By Leigh Bills
I was excited to attend my first Gifted Association of Missouri conference in late October. I wasn’t entirely sure what to expect, but I was really hoping to pick up some parenting tactics that would bring fresh energy to raise my gifted child. What I came away with was nowhere near that simple.
I was surprised to find that so many of the characteristics I have observed in my son over the past seven years and attributed to mere personality traits are common to many gifted children. This gave me a sense of greater community and the possibility of better understanding, but also the challenge of realizing again how little I know. It was encouraging to hear Dr. James Webb describe common experiences of parenting a gifted child, and I deeply appreciated the chance to finally laugh at some of those trying roller coaster moments. Seeing the nodding heads and chuckles of those around me, I felt a dawning possibility of kinship with other parents. Maybe my sense of the “otherness” of my child and our relationship and the unique twists his development and interests have taken thus far would not continue to be the isolating experience that it has been. I began to catch glimpses of the puzzle pieces that I have observed from his birth—the unwillingness to sleep, the advanced verbalization, the passionate interests that in-laws labelled as abnormal, and the anxiety and perfectionism, all falling into a larger picture of his unique mind and personality. This, I intuitively knew about him, but now I had a larger context for it. I felt validated for the times I have tried to stand in the gap and not force him to be the square peg stuffed in the round hole on the pegboard. But also, aware of my inadequacy to help him negotiate the complexities of channeling his overexcitabilities into positive outlets and feeling that he “belongs” in this world.
After listening to Dr. Brandi Klepper, I sincerely wished that I could spend the weekend with her and pick her brain. She made it sound so feasible to raise a well-adjusted, healthy, integrated child who has a sense of self and yet feels a belonging to a greater community! Ha! While that is obviously no simple task, it was notable the volume of parents and children that she sees as they strive toward that goal. It made me wish we could join her practice too!
Lunch was a pleasure as I sat with other parents and listened to their experiences and their commitment to supporting and encouraging their children. It was eye opening to realize the support that is out there if you know where to look. But as always, it was overwhelming to feel that the burden of this may fall largely on my shoulders as parent. That feeling did not diminish during the final session in which Sara Lampe exhorted the parents to get deeply involved and to be the voice of change demanding equal educational rights for gifted students and their unique needs.
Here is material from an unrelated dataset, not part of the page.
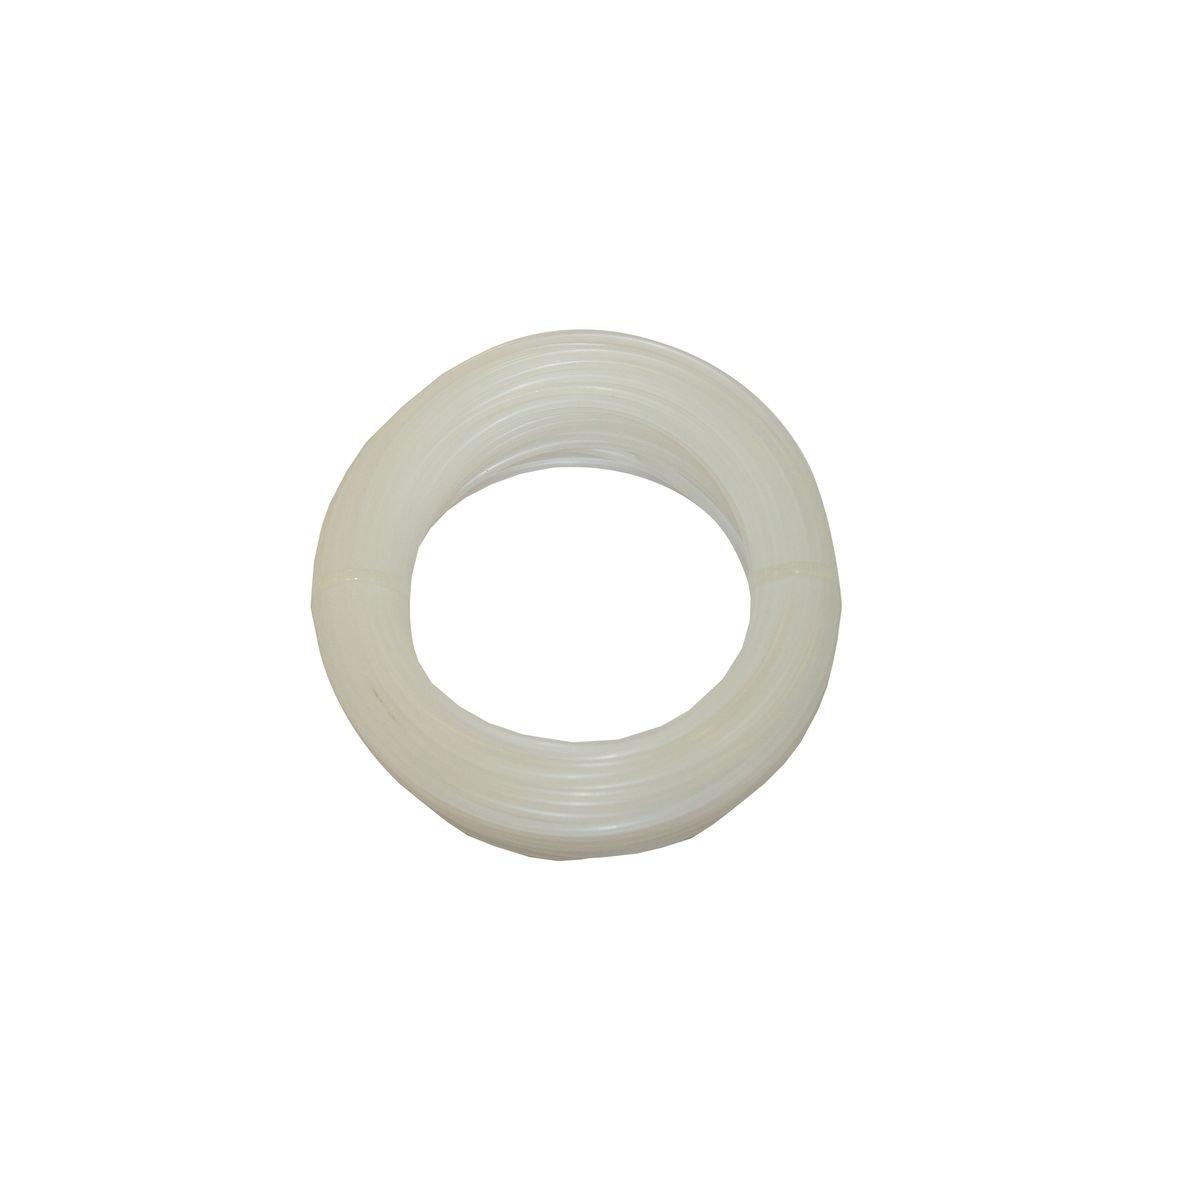 XCLOU GARDEN Trimmerschnur, Trimmerfaden, Nylonschnur, Ø 2,0 mm Ø 2 Testrut Wiethoff GmbH

I am grateful for the support of the many educators and administrators currently engaging these children, but I left feeling concerned that those same programs may be at risk.
All in all, it was a whirlwind introduction to the world of gifted education and to the ongoing and very unique gifts and challenges that these students face across their lifetimes. It was a nice reminder that parenting is one encounter at a time and that a lot of grace is required by all parties as we walk it out over the long haul.